王冕在此地已经冻得脚都有些抽筋,此时虽非寒冬腊月,但冷风直直地灌进王冕的胸口,瘦弱的书生身子,哪里抵挡得住。
王冕拿着银两和衣服,蹲在地上瑟瑟发抖。
左等右等下,忽见山上有刺眼的亮光,非火光,好似刀光剑影,似有打斗出现。
王冕一介书生本无意掺和这等江湖战事,但奈何此时城门已关,自己左等右等也不见李长庚。
“坏了,长庚可能出事了!”
想到这,王冕不禁大叫,便想到了刚才的江湖人士。
“算了死马当活马医,若是真有英雄出手相助,长庚或许还有救!”
王冕说罢便独自向山里走去。
“放手!放手!”
苏晓歆挣扎着,可满面酒色的云驷却越发禁锢着苏晓歆的手腕。
“怎么?你我大礼已成,难不成我的女人,本皇子还碰不得了?”云驷眼神中带着几分嘲讽和不屑。
“我乃苏府二小姐,是奉旨与你成婚,不是你府里随意糟蹋的丫鬟!”云驷轻佻地扬起苏晓歆的下巴,苏晓歆怒极反唇讥讽道。
“你放肆!”
云驷狠狠地捏住苏晓歆的脸颊说道:“说白了,你们不过是皇家的一条狗而已。最好认清楚自己的位置!”
云驷又轻轻趴在苏晓歆耳边说道。
“今晚,可是你我二人的成婚之夜,该做什么,你心里有数。”
苏晓歆用力挣脱开云驷的身躯,跑到堂前的紫檀原木桌前,用力砸碎茶具,捡起碎片顶着自己的下颚,瞬间鲜血便染红了碎片。
“你,苏晓歆!”
云驷瞬间酒醒,他知道苏晓歆若在宫中自裁对自己意味着什么。
“二皇子今日若想轻贱妾身,妾身便自决于此。”
云驷摸了摸唇边,开口道:“好。那你这本皇子不来便是!”
城外东郊山上。
一个披着斗笠的女子掀开面纱说道:“什么?你说长庚他去抢婚了!”
王冕抱着包袱和盘缠低头道:“别提了,此时说来话长,他让我在此处等他,结果,哎,幸亏遇到了你们,于菁菁你们可不能见死不救啊!”

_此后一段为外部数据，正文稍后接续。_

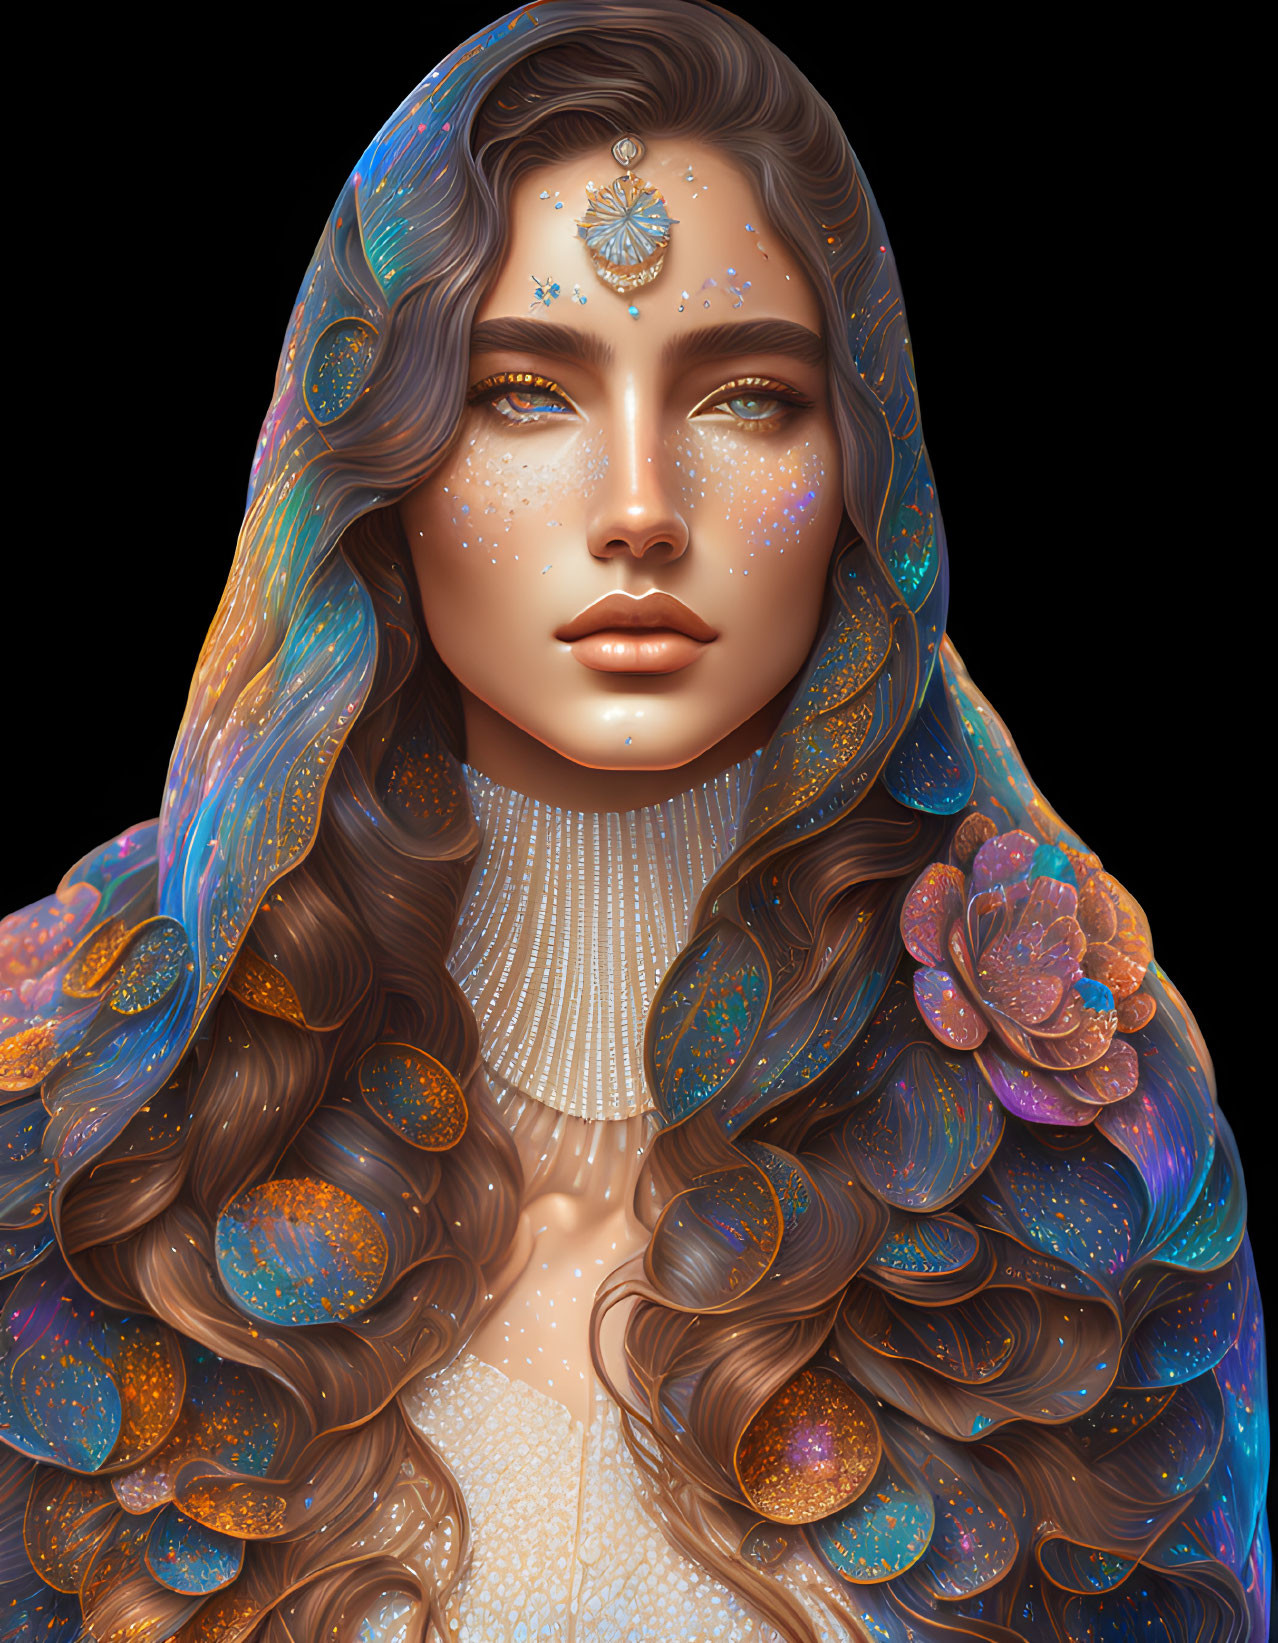 Illustrated woman with galaxy-themed makeup and cosmic attire.

女子开口回呛道:“李长庚脑袋是进水了吧?苏晓歆可是和皇家的皇子成亲,他以为是什么有钱人家的纨绔公子吗?还是把这天京府当陈家县了?!”
“我劝过他的,真的,可是他不听,他还吃了一粒丹药,说什么能撑一个时辰”王冕嘴里不停嘟囔着前因后果。
于菁菁一把抓过王冕质问道:“你说他吃了丹药?!”
王冕回答道:“是啊,那丹药神神秘秘的,只有一粒。他吞下去,就嗖的一下飞走了。”
于菁菁松开了王冕说道:“坏了,他这是要不抱活着的希望了。那丹药虽能让人一时体力倍增,但一个时辰之后若无解药,则剧毒发作,疼痛难忍,如千蚁噬身,最终活活疼死的。”
“啊!?”王冕一屁股从地上站了起来。
于菁菁低头沉思片刻说道:“这解药我手中也没有,就是将李长庚就出来也无济于事,到时候也是白白冒了一把险。”

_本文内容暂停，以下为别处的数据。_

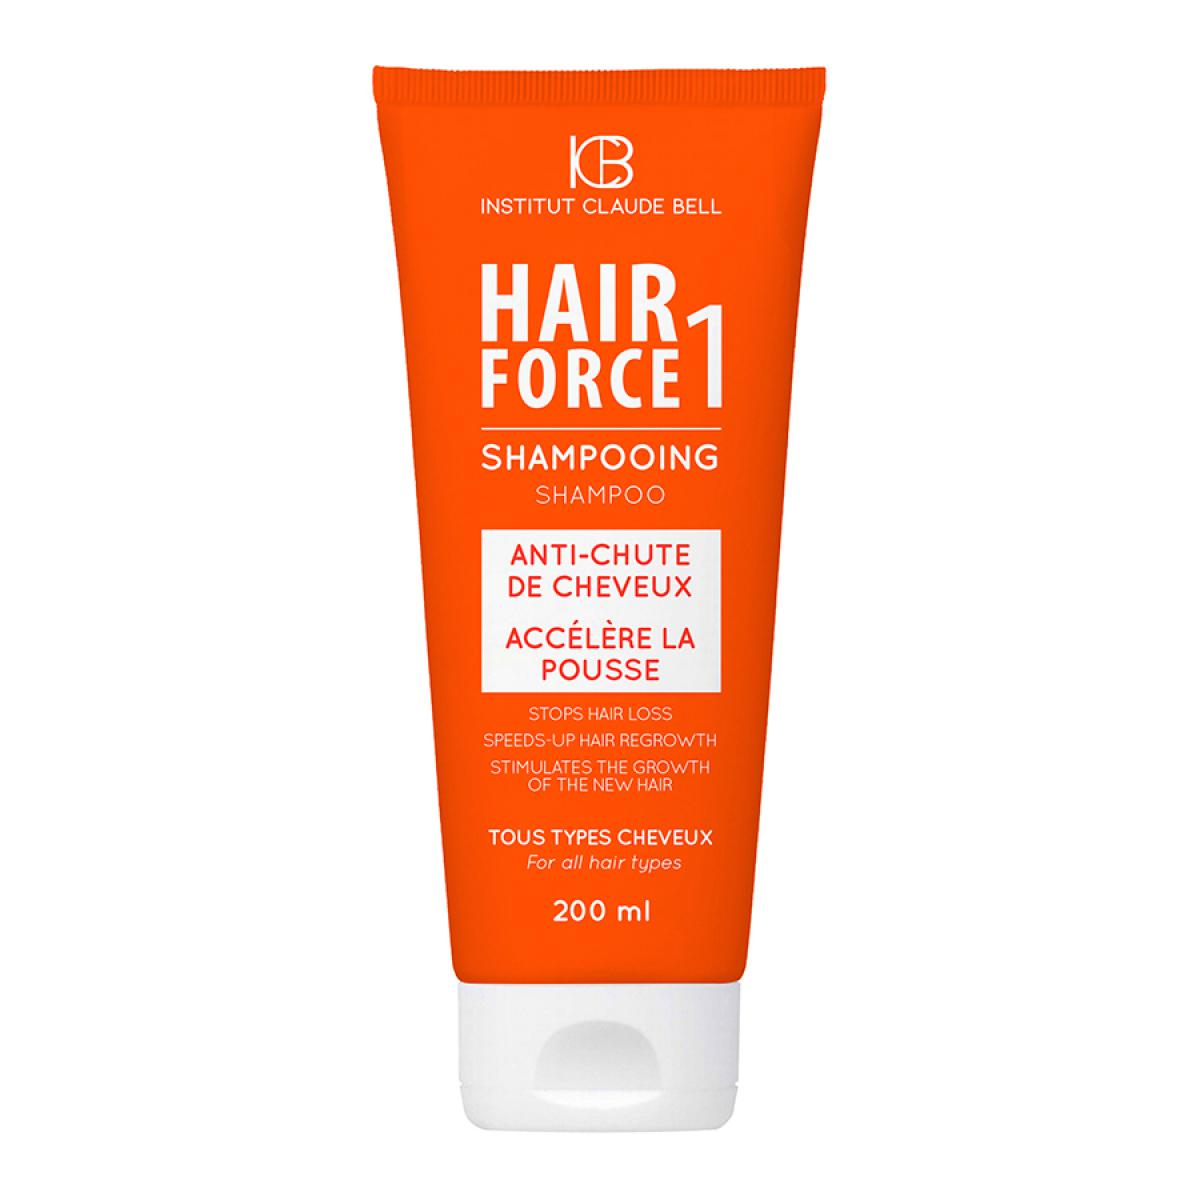  Hair Force One Shampoing

“那,那你们都不救,我去救!”王冕扔下了包袱,转身就向城内跑去。
于菁菁一把抓住王冕道:“你去,除了连累你的家人,你还能做什么?!”
王冕道:“我和长庚兄弟一场,如今兄弟有难,我岂能袖手旁观!生死乃小事,若丢了道义,活着又有什么意思?!”
于菁菁抽出刀剑,刺骨的寒气直逼王冕。
“说了那么多废话,有什么用,还不得我去救!”
于菁菁怒骂道。
“哈哈哈哈,菁菁我就知道你不会见死不救的!”
王冕抱住于菁菁的腿大哭道。
于菁菁说道:“当初在术士山,那小子就欠我一命,要不是我路过救了他,他现在别说跟着师父学武艺了,就是这条命都早扔在山崖下了。”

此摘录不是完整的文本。